What's the potential damage which can occur above
agreement.....priceless.

"20. THE COMPANY'S MONETARY DAMAGE LIABILITY FOR ANY CLAIM
OF PROPERTY
DAMAGE
ARISING OUT OF THE COMPANY'S PERFORMANCE OR NON-PERFORMANCE
OF THIS
AGREEMENTSHALL NOT EXCEED THE TOTAL AGREEMENT AMOUNT."



And you checked to see if he had insurance right? What that
clause is stating as I read it, as a contractor, that if you
sue, and you already sound like one that would, HIS outlay
of liability isnt going to be more than the amount you
agreed to.
His INSURANCE company on the other hand, isnt listed, and
THATS what insurance is for.





Now, on a more serious note.
Its obvious you dont trust the company, and in general, we
dont trust anyone. The reason why is sue happy people.
Business isnt like it used to be. I still have customers I
can take care of with a handshake and never have to worry
about.
Then, you get the new one that you just dont have a good
feeling about, and after years of doing this, there has been
more than one time I have told them that I just didnt think
we could satisfy them, and that we declined the work...only
to find out later that another company did the work and they
have had nothing but problems since it was done.

If you dont trust the contractor that has given the quote,
just walk away and dont sign anything.
By the same token, you may find a contractor that after
talking to you, states that he cant do your work, or prices
it out of your ballpark. It goes both ways.

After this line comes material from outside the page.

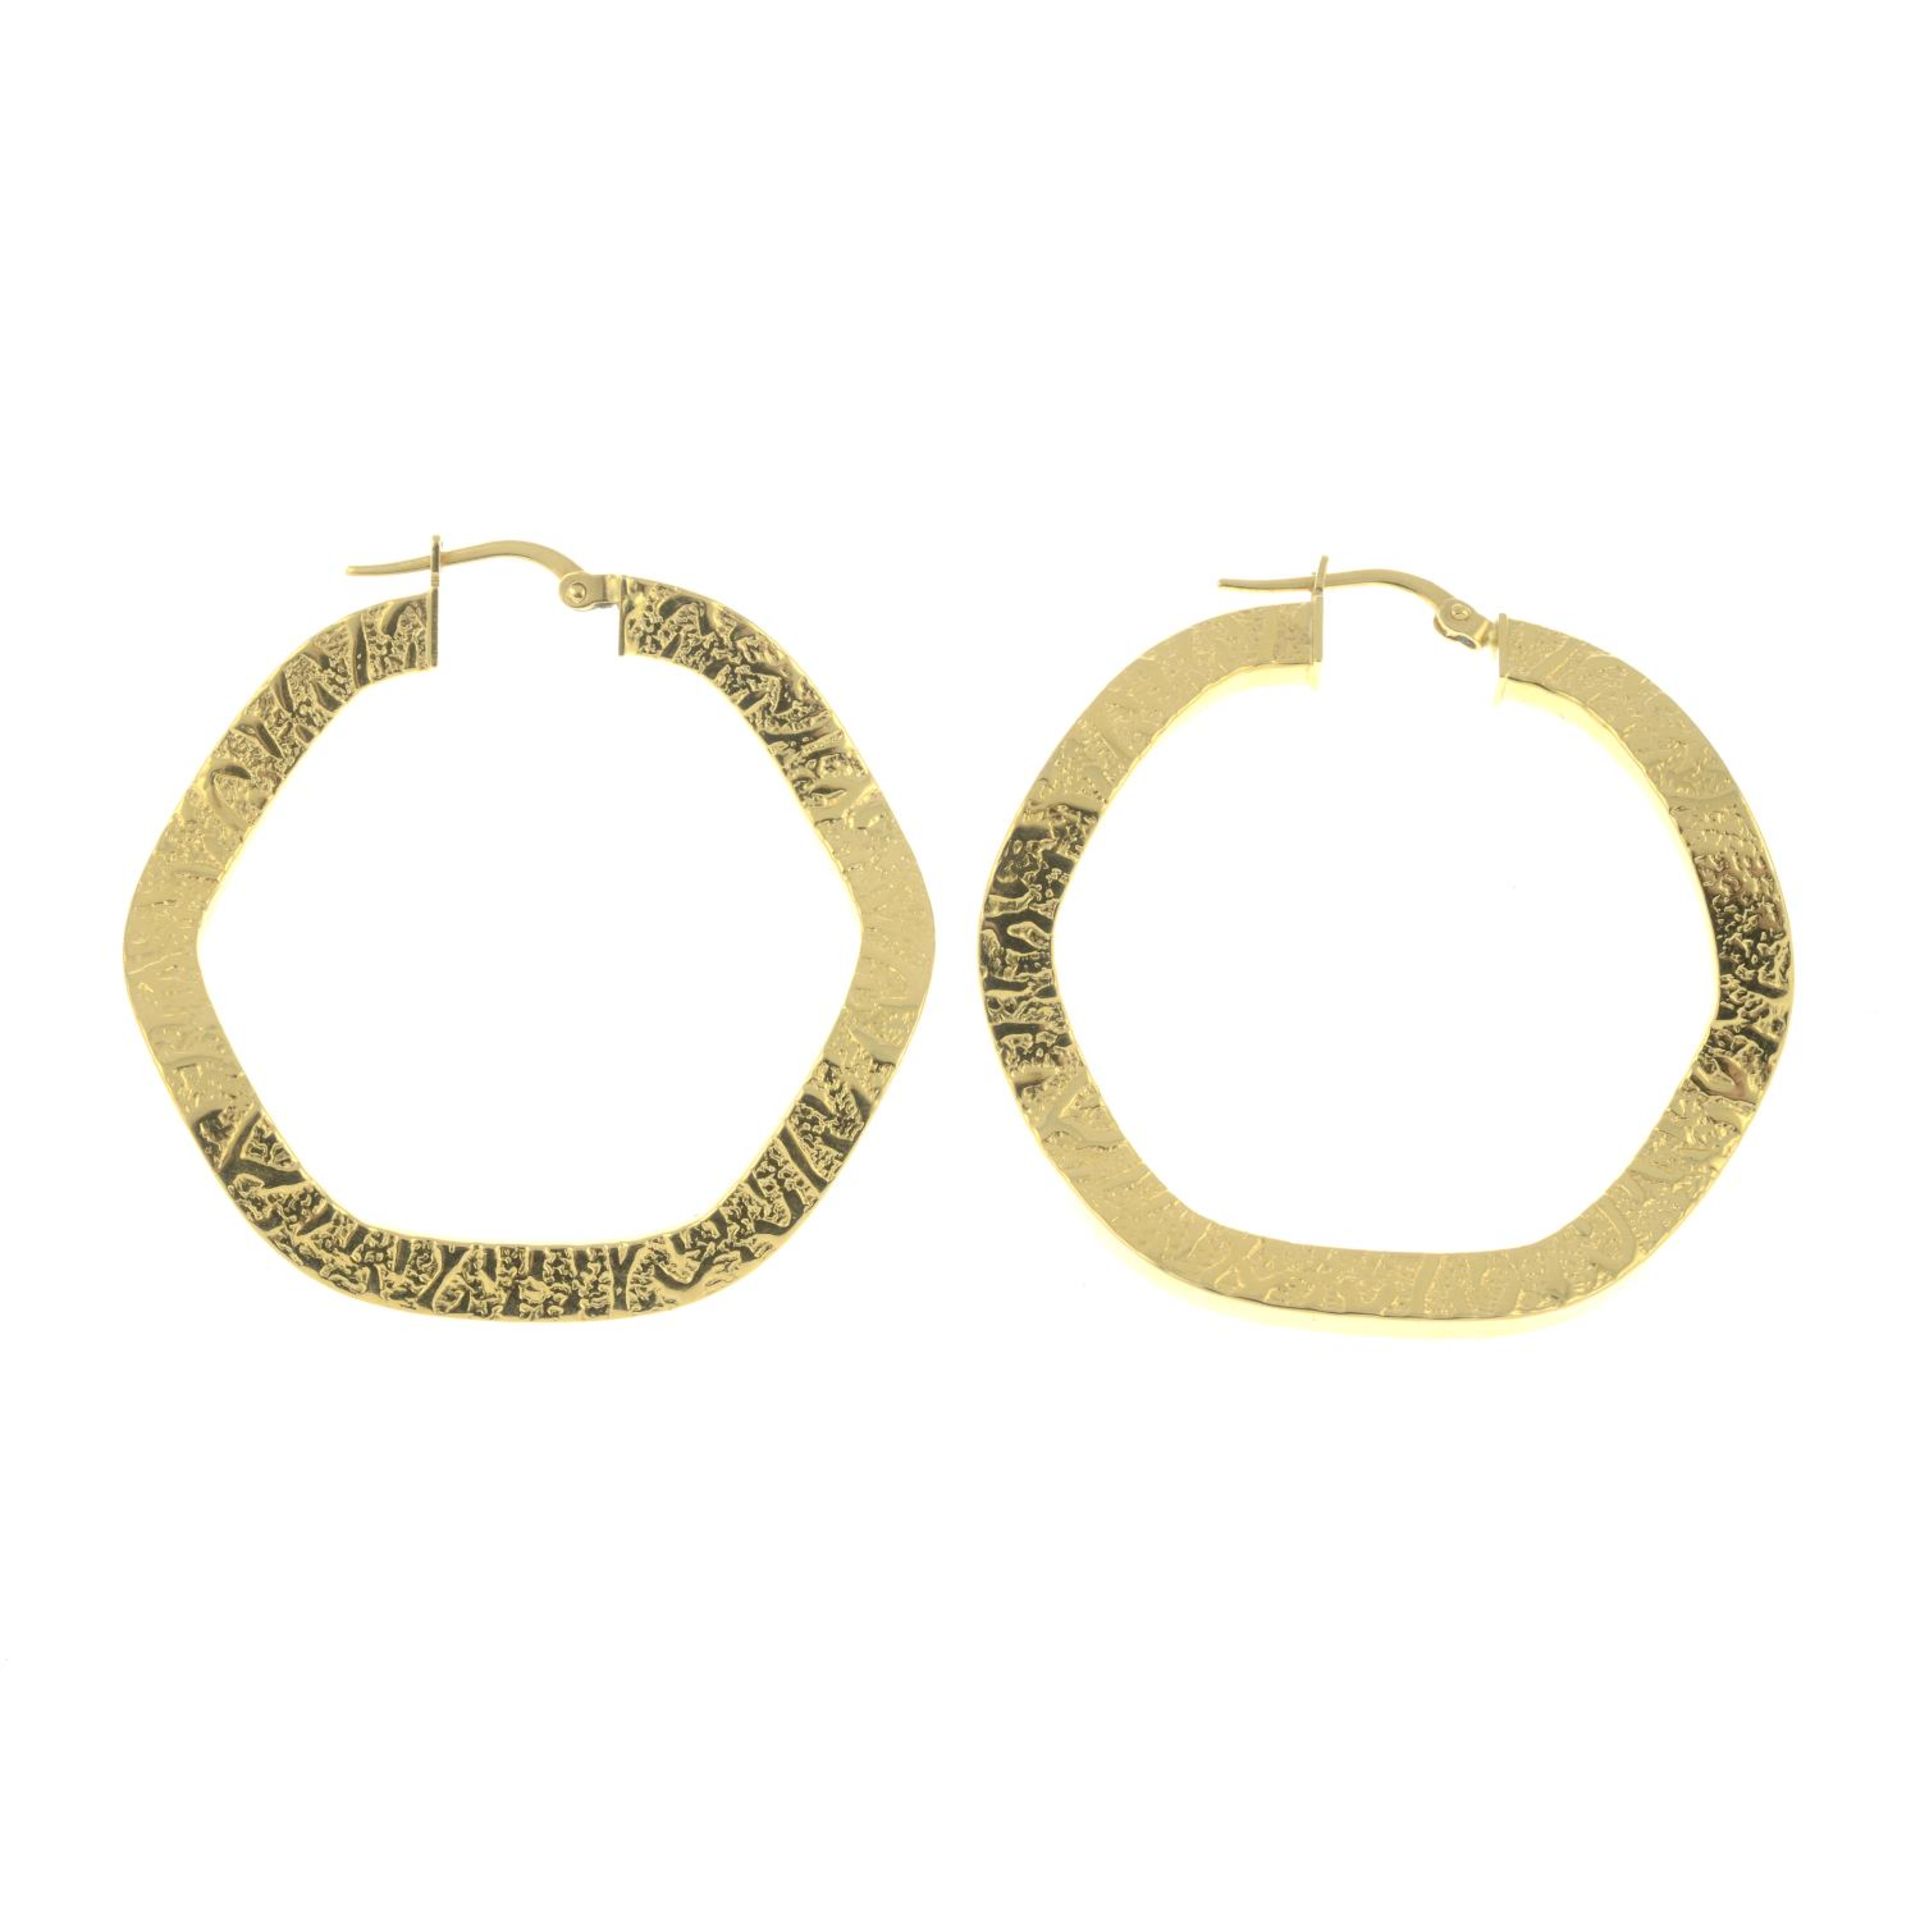 A pair of textured hoop earrings.Italian marks.
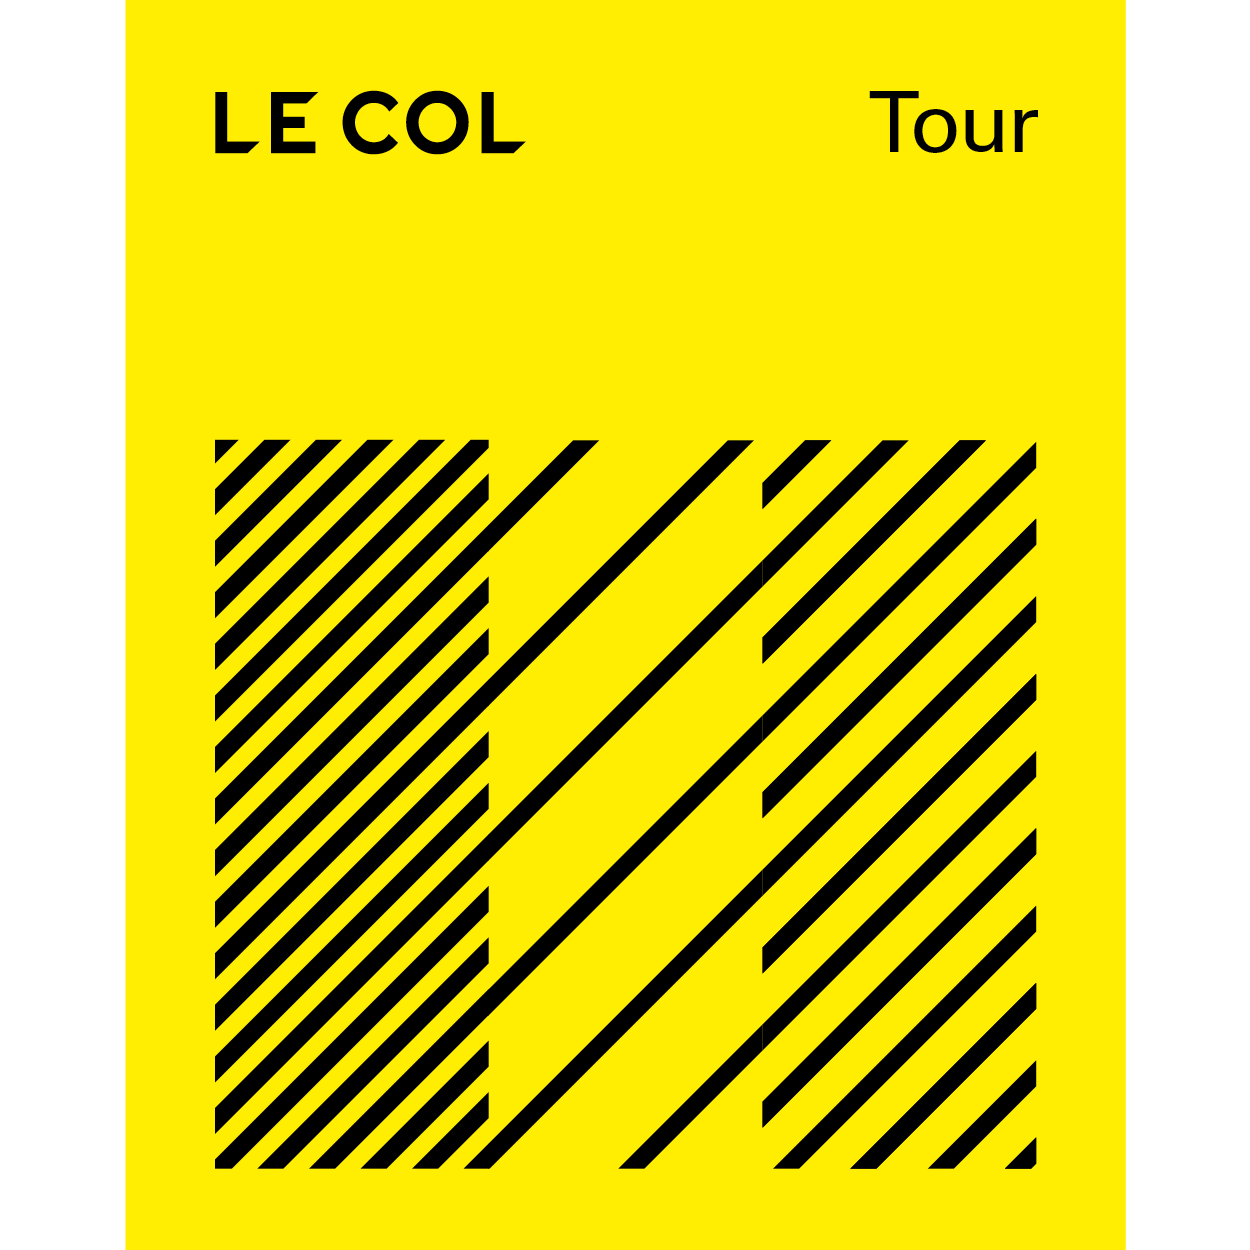 The Le Col Tour Challenge

That said, suggest you look around, find someone that has a
reputation and ability that you trust, and then look his
contract over. Many of the clauses in the contract will
never apply to you, however, witihout them, that ONE person
that is looking for a reason to try to get rich quick will
find a way to manipulate it to his advantage.

Contracts used to be simple...you wanted work done, the
contractor wanted to do the work and make a living.
Now, due to litigation, most of it bull, since these days
everyones sue happy, even when the works done perfect,
contractors have HAD to take steps to protect themsleves.

Seriously tho...find another one you can live with, and
allow them to do the work. Express your concerns to the
owner, or the job super, and make sure its done your way,
but at the same time, make sure you allow them to do it
their way too. Over all, it will work out for you and
them...you want a roof fixed, and they want to fix it and
make a profit doing so..its how business works. If you would
see the insurance agreements in most grocery stores for
example, you would never set foot in one again....yet,
millions do, and few ever get hurt..except for the 1% of the
legitimate injury cases that actually hit the courts..
Chances are, you could use that company and never have a
problem...but bottom line, you dont trust them, find
another, but keep in mind, they dont trust you either.